Your response should contain exactly the lines running from the one with "Crea calendarios personalizados" to the end of the data below, both included, and no pictures.
════════════════════
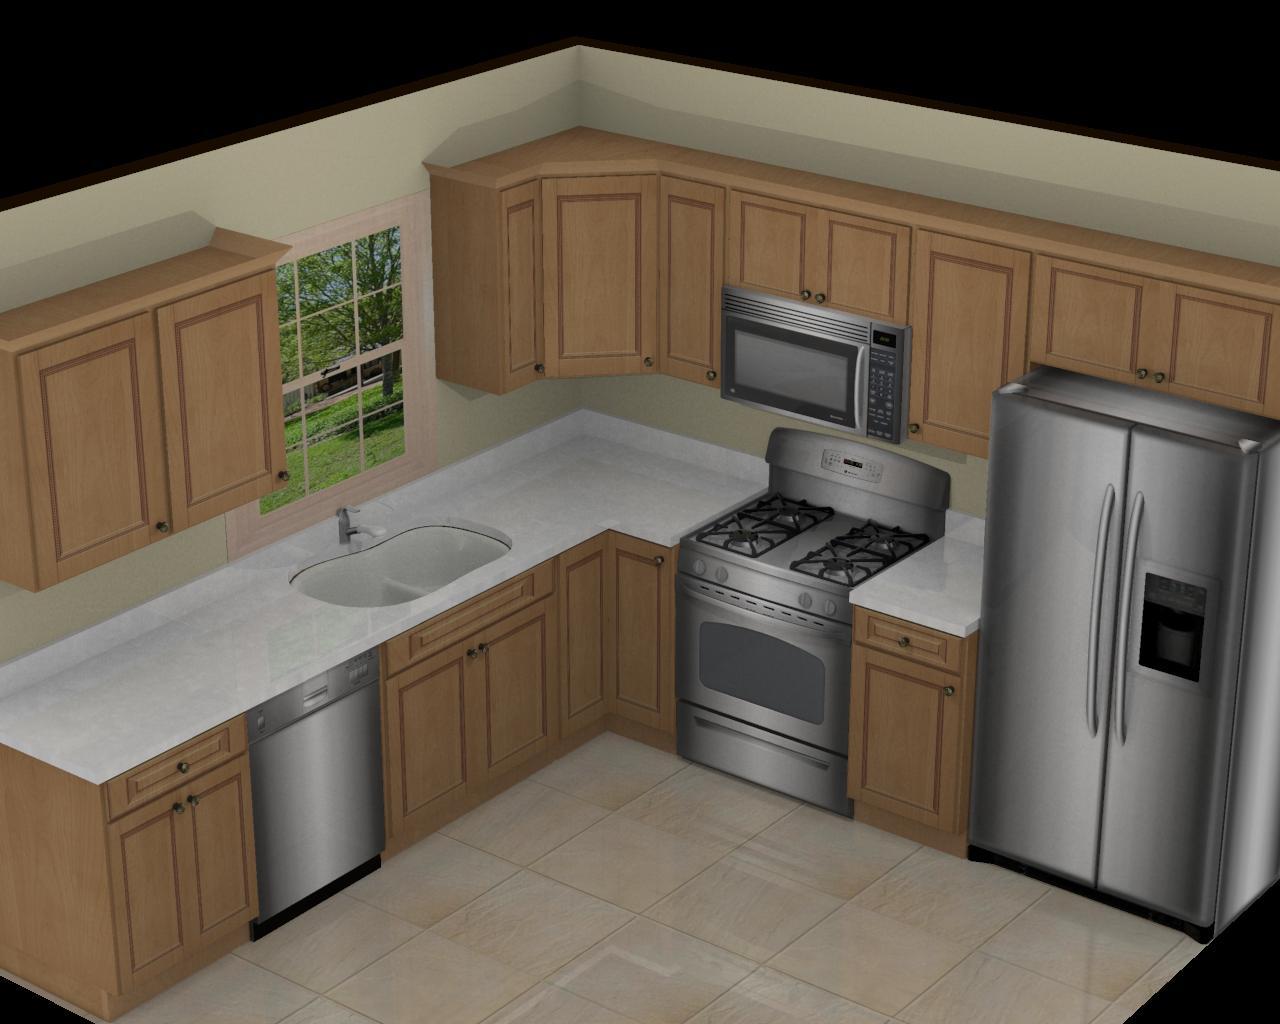 kitchen remodel decor ideasdecor ideas type kitchen dining
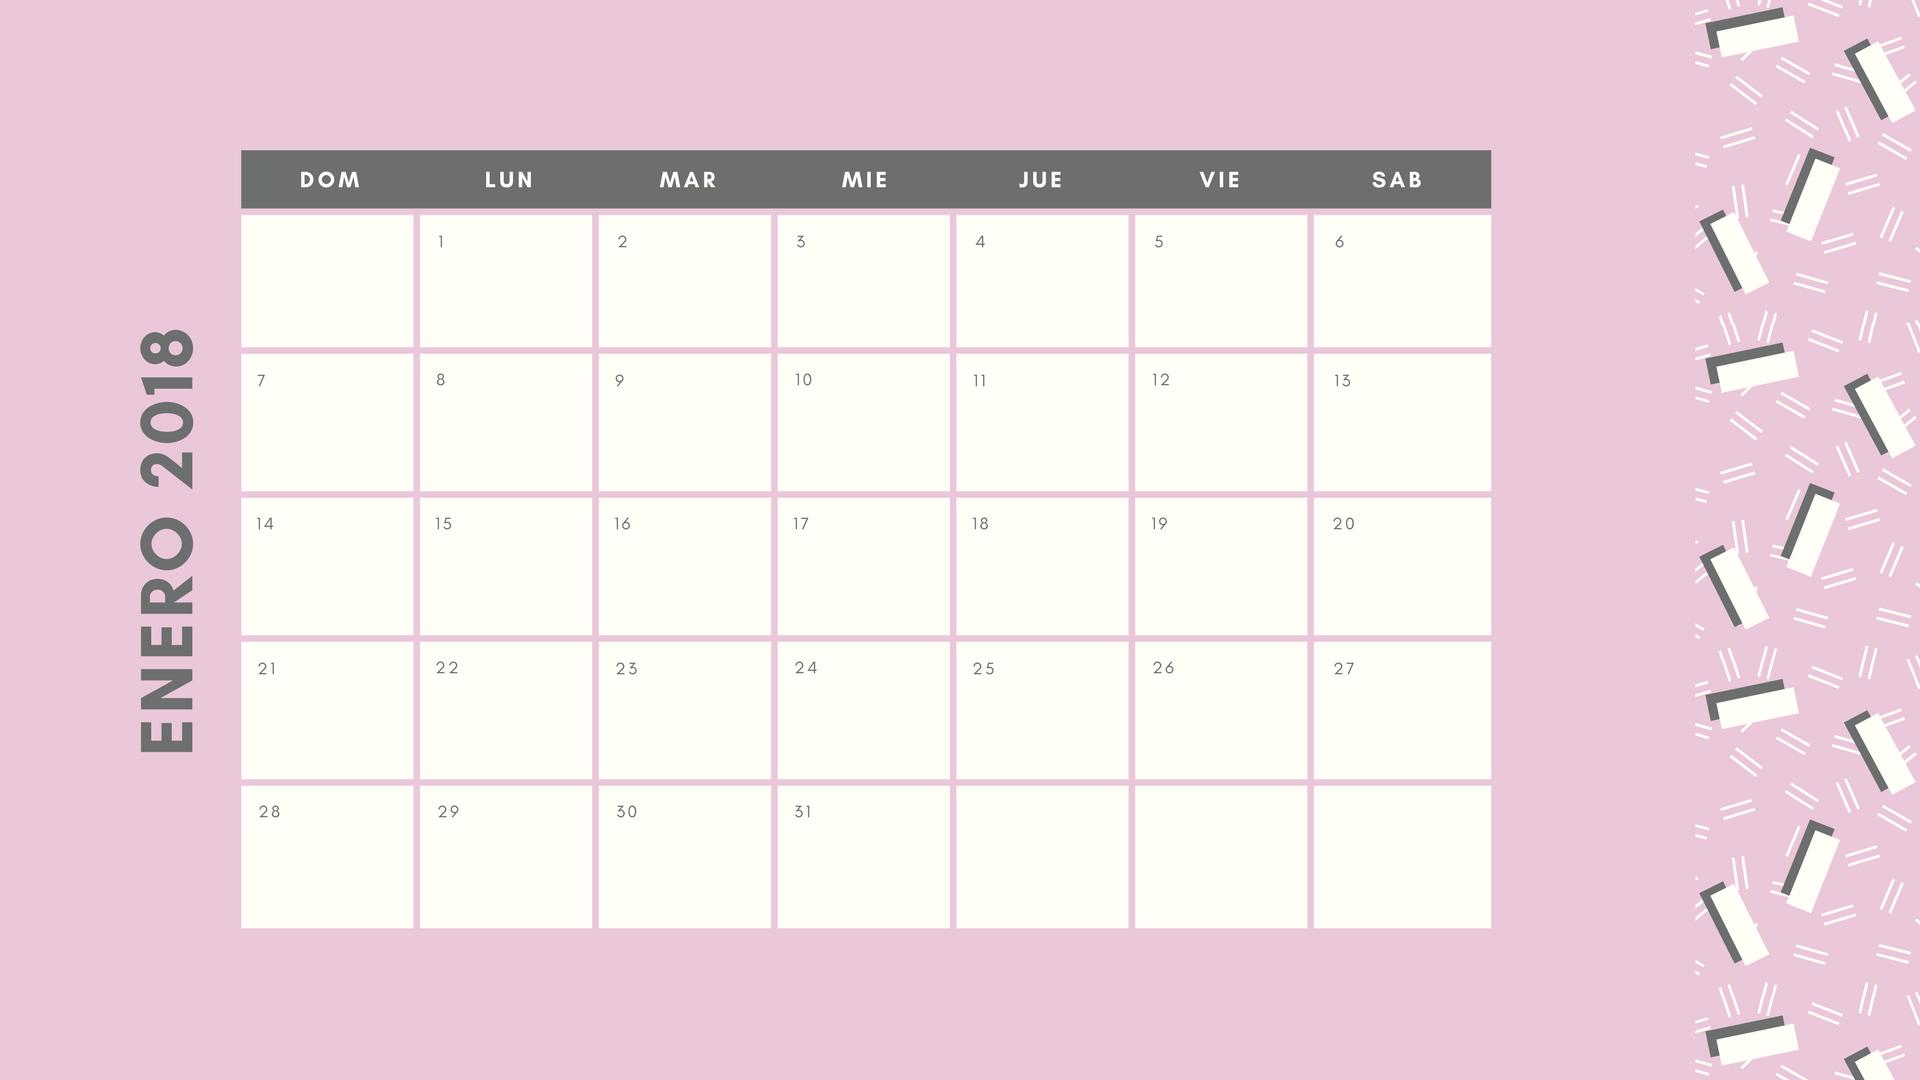 Crea calendarios personalizados online gratis con Canva
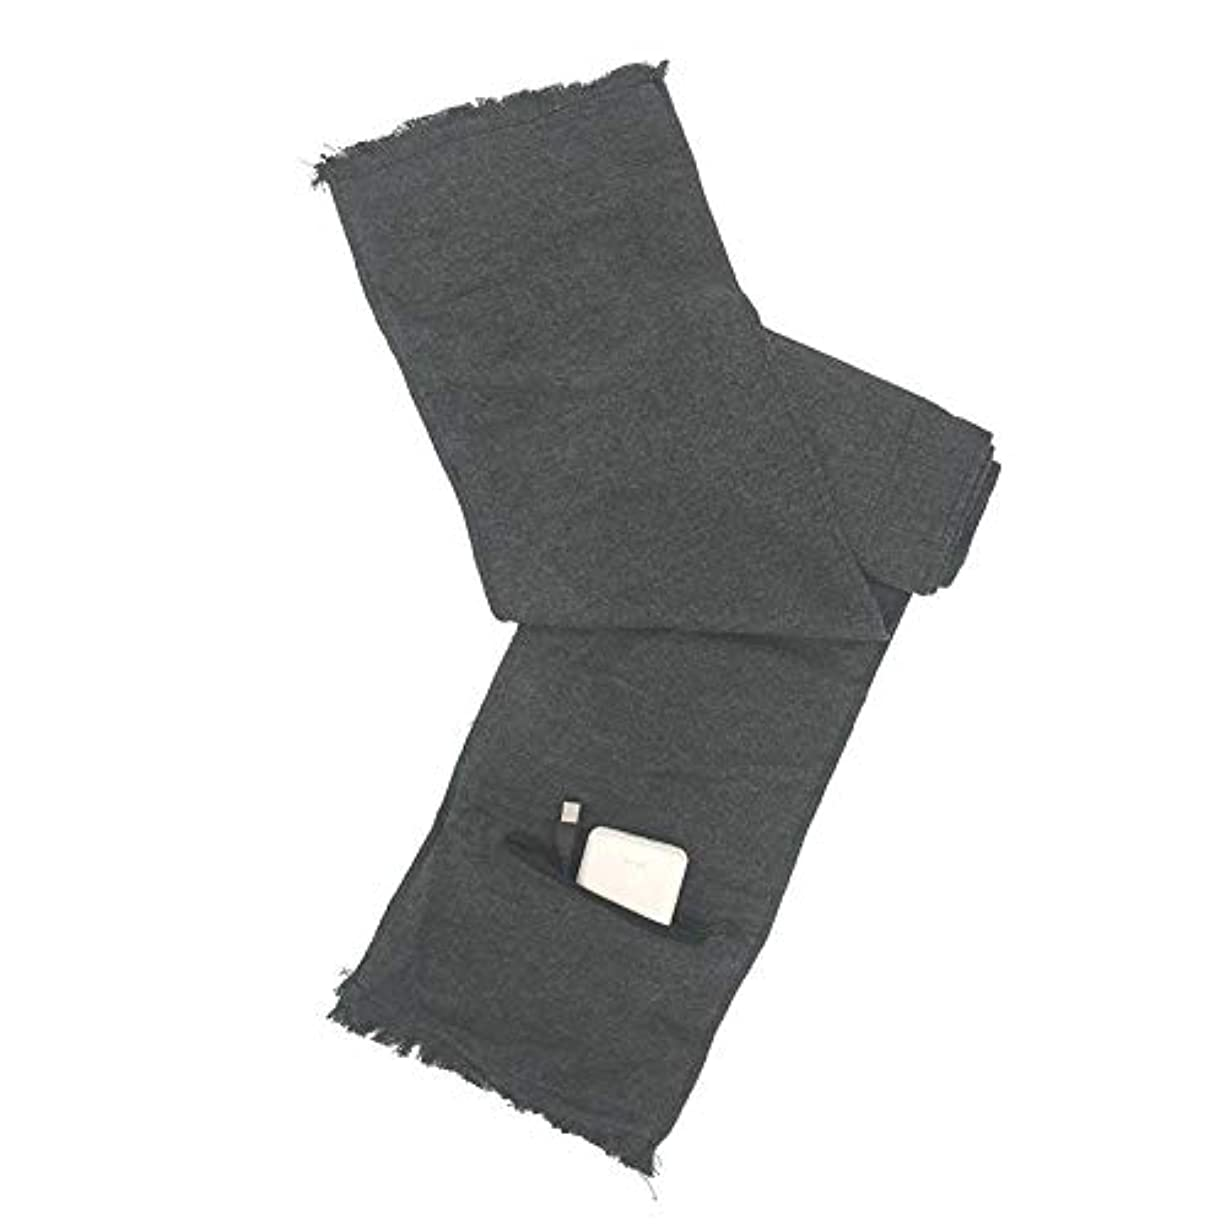 Sund 電気加熱マフラー 冬用 加熱スカーフ USB充電式 遠赤外線 発熱効果 男女兼用 通勤通学 室外作業
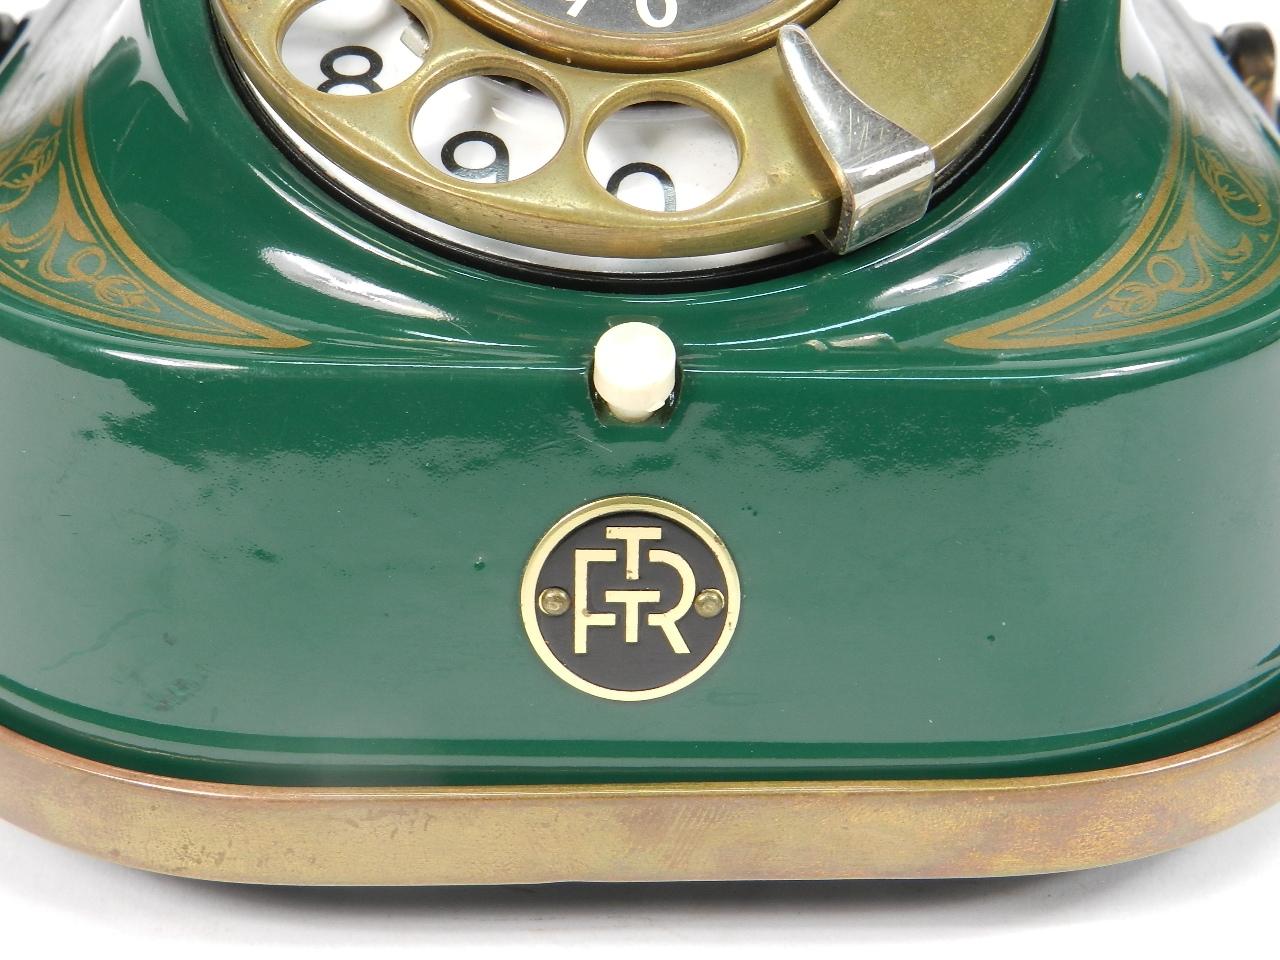 Imagen BELL TELEPHONE Cº  AÑO 1940, BELGICA 41397
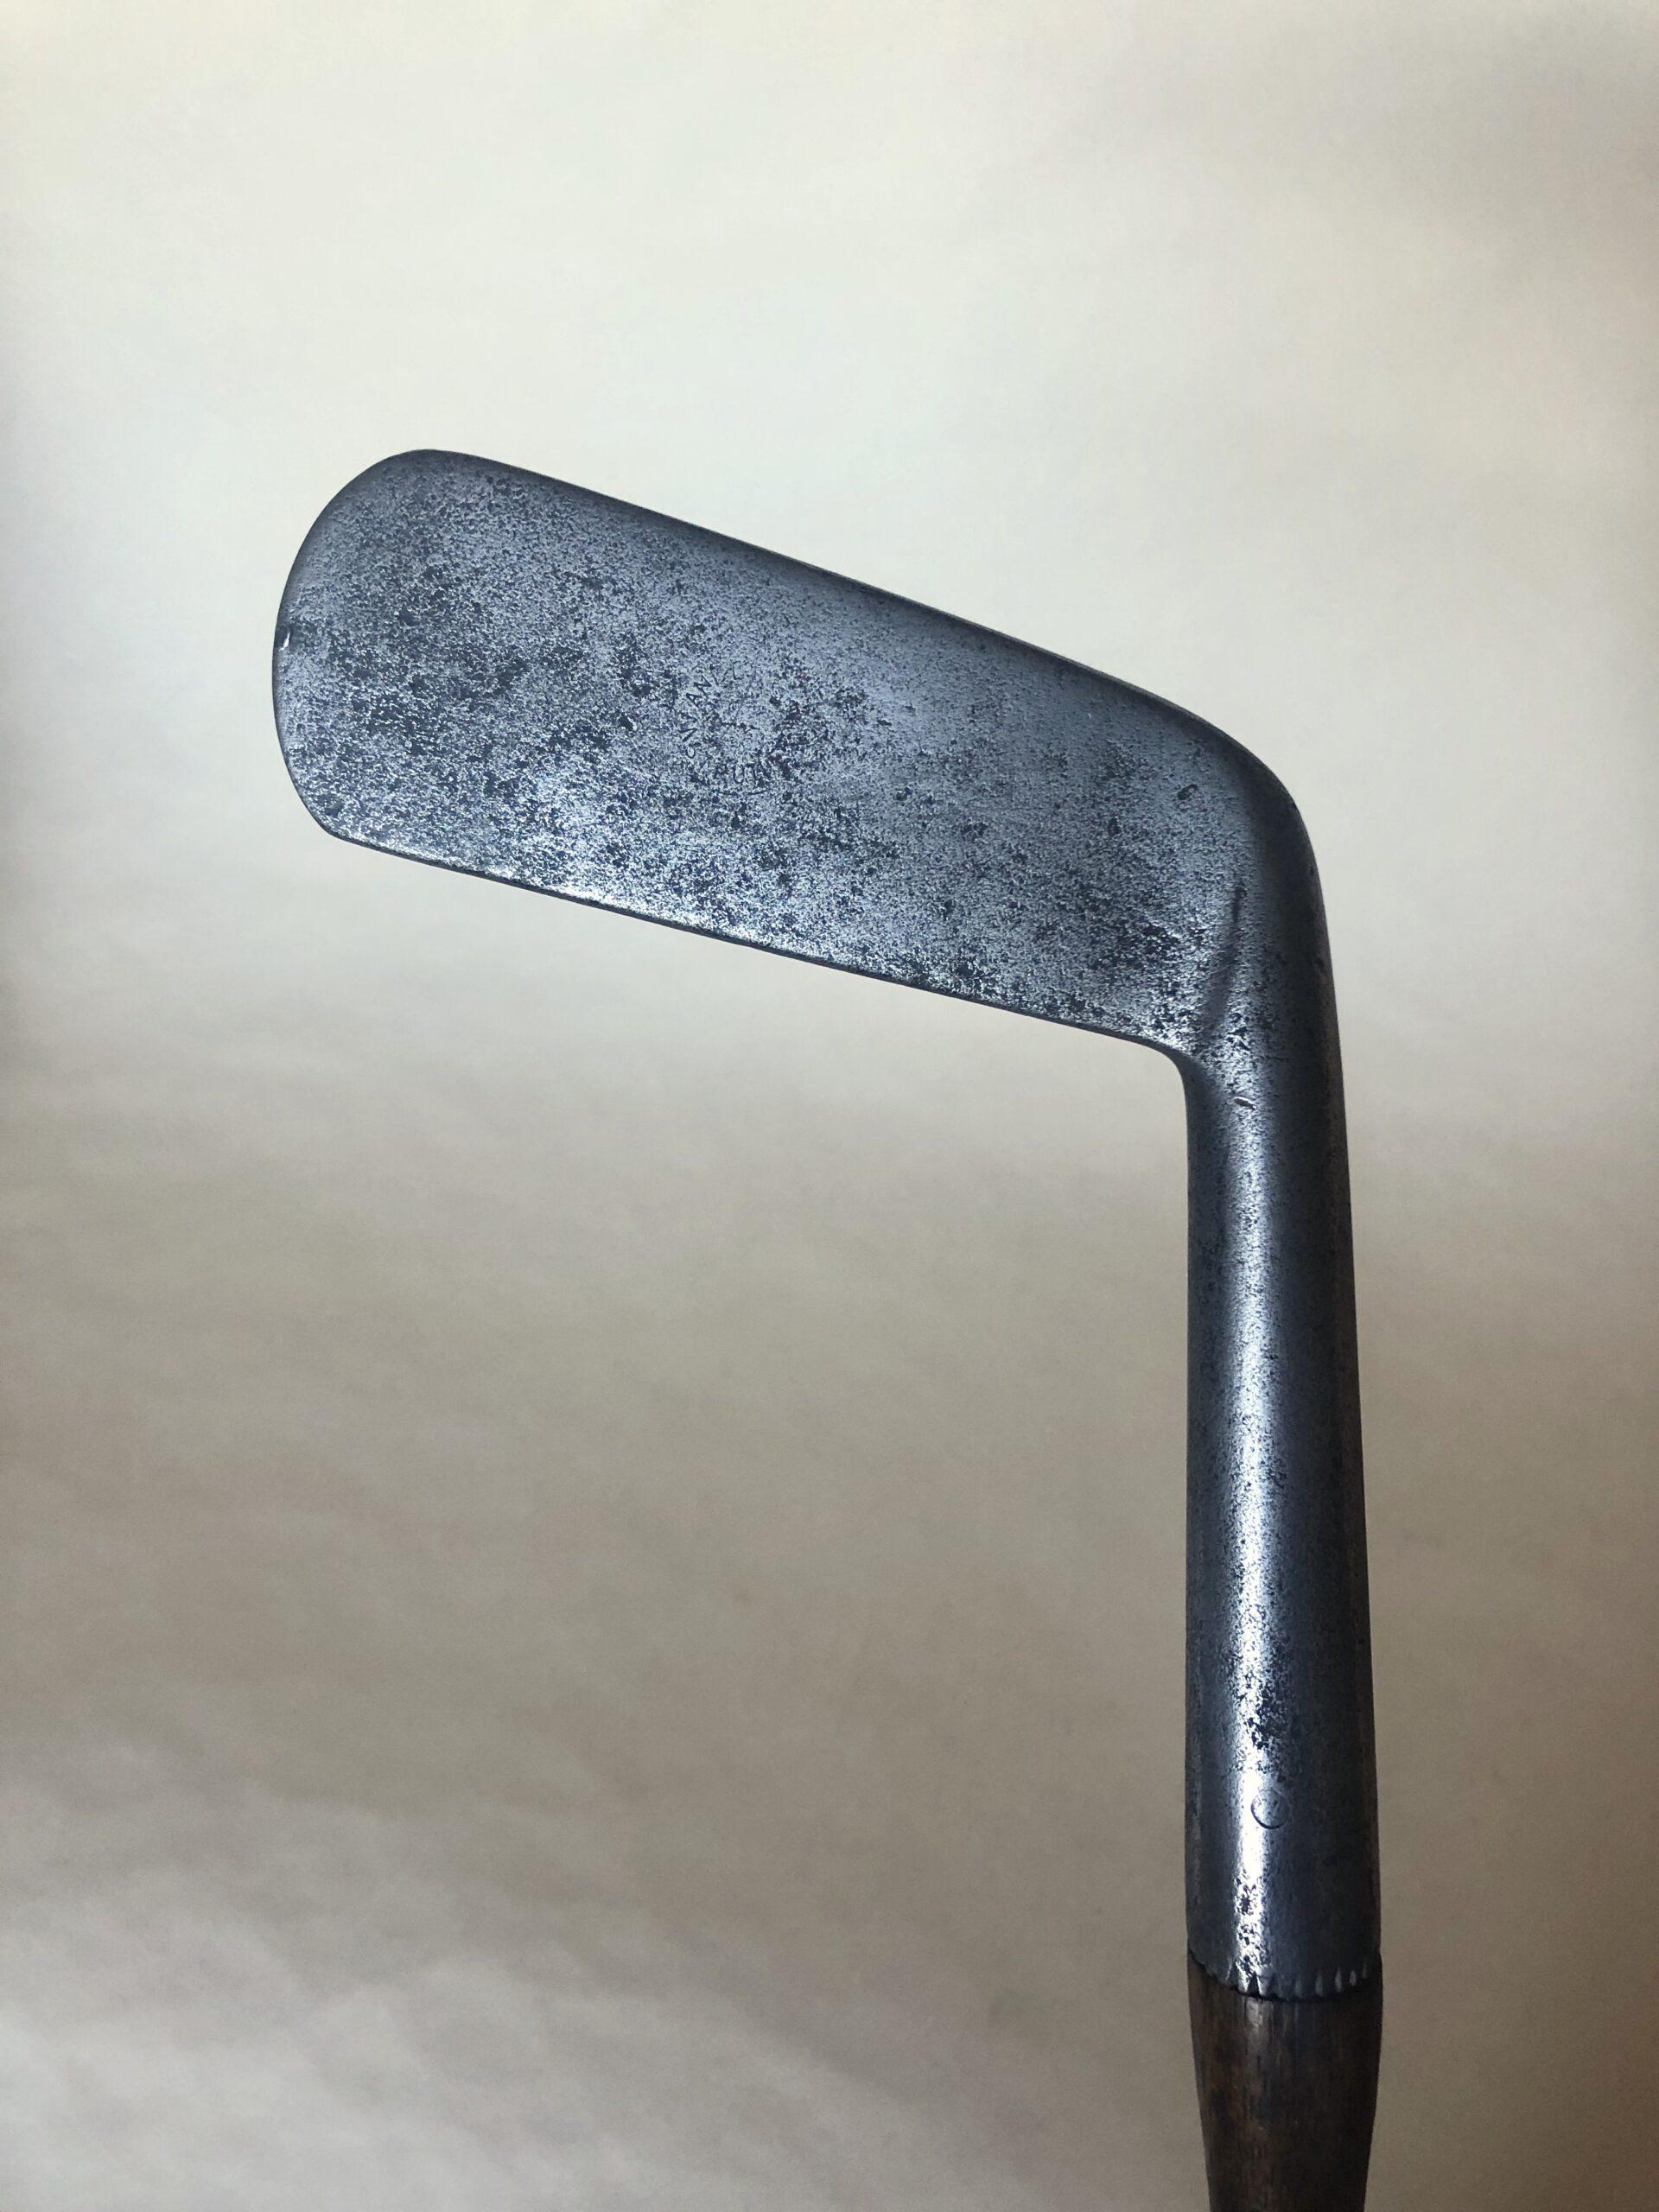 James Anderson blade putter c.1880-85
════════════════════
• [Problem solution]:
 Crea calendarios personalizados online gratis con Canva
 Sund 電気加熱マフラー 冬用 加熱スカーフ USB充電式 遠赤外線 発熱効果 男女兼用 通勤通学 室外作業
 Imagen BELL TELEPHONE Cº  AÑO 1940, BELGICA 41397
 James Anderson blade putter c.1880-85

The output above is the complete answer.